Following the invalidation of the Act of May 12, 1933, Congress enacted the Soil Conservation and Domestic Allotment Act, approved February 29, 1936 (49 Stat. 1148; 16 [180]*180TJ. S. C. 590g-q), providing in section 7 for grants to States and in section 8 for cash payments or grants of other aid, for a limited time, under regulations to be prescribed by the Secretary of Agriculture, to agricultural producers who complied with the provisions of the Act and the regulations issued thereunder, by engaging in the specified soil-rebuilding and soil-conserving practices. Appropriations were made for the purpose of carrying out the provisions of this Act and for the making of the payments therein authorized and provided for.

Contracts such as had been provided for and made under the invalidated Agricultural Adjustment Act were prohibited. The payments which were specified and authorized to be made by the Act of February 29, 1936, supra, were in the nature of a bounty or reward in return for performances of certain agricultural programs to be outlined by the Secretary of Agriculture, and they were expressly conditioned “upon the utilization of the land, with respect to which such payment is made, in conformity with farming practices which the Secretary finds tend to effectuate the purposes” of the statute. The Act of February 29,1936, was amended by the Act of February 16,1938 (52 Stat. 31), known as the “Agricultural Adjustment Act of 1938,” and a number of additional provisions were enacted.
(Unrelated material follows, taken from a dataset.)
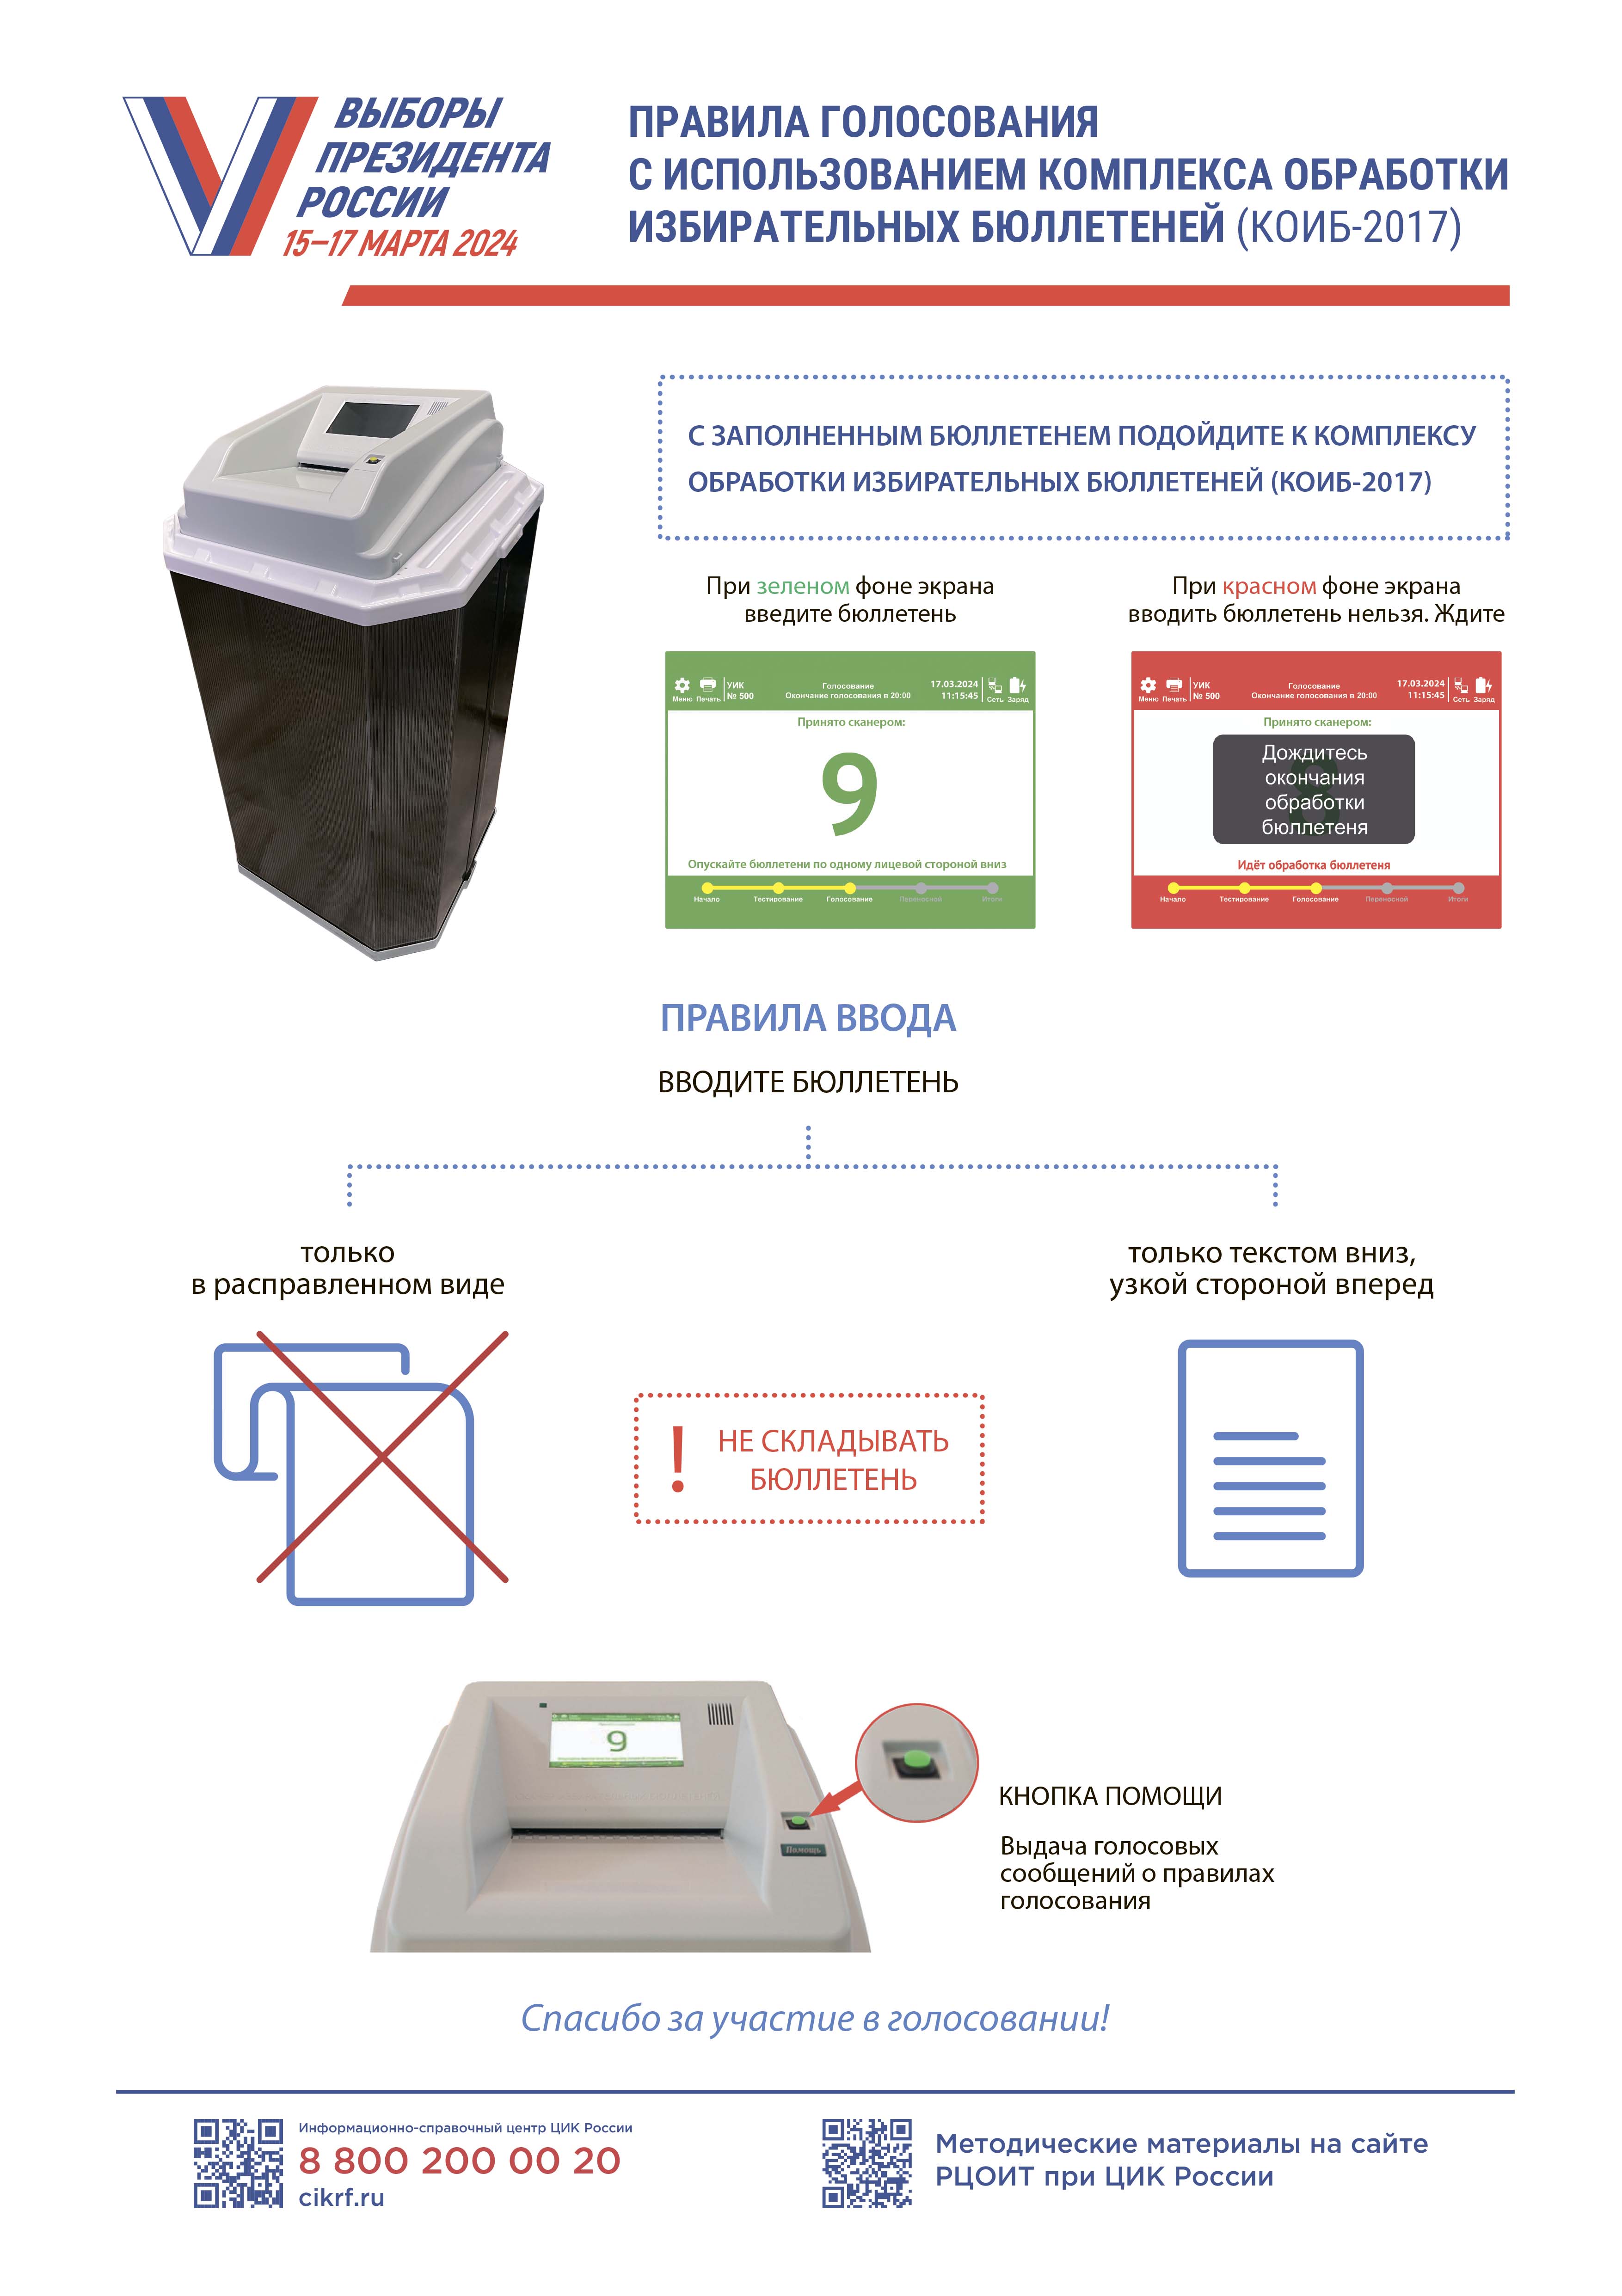 Правила голосования с использованием комплекса обработки избирательных бюллетеней (КОИБ-2017 КРОК)

For the years 1936,1937, and 1938, plaintiffs prepared and filed “work sheets” for the purpose of entering into the agricultural programs under the Soil Conservation and Domestic Allotment Act, as amended, and the regulations of the Department of Agriculture issued and promulgated thereunder (see findings 63 to 93). Plaintiffs received payments for 1936, but before any payments were made for 1937 and 1938 the Secretary of Agriculture had detailed and thorough investigations made of plaintiffs’ operations and practices during the years 1933 to 1938, inclusive. These investigations were begun in 1939 and continued until sometime in 1941.

As a result of these investigations and the facts disclosed thereby, the Secretary decided in 1941, as set forth in detail in our findings of fact, that there were due from plaintiffs certain amounts as a result of overpayments determined by him to have been made under the agricultural programs [181]*181during the years 1933 to 1936, inclusive (findings 11 to 83); that no amount was due plaintiffs for 1937 (findings 84 to 93); that plaintiffs had complied with the agricultural program for 1938, as provided in the statute and regulations, and had earned and become entitled to receive payments for such compliance in the total amount of $77,386.13 (finding 9). The Secretary withheld from this amount the sum of $74,-413.12 which he applied as an offset against the claimed overpayments for 1933-1936, and paid plaintiffs the balance of $2,973.01. Of this amount the sum of $385.57 had been previously paid. The last check for $2,587.44 for the balance due for 1938, after the making of the offsets, was issued December 4,1941. Plaintiffs declined to accept the payment of $2,587.44 in full settlement and have retained the check without having cashed it.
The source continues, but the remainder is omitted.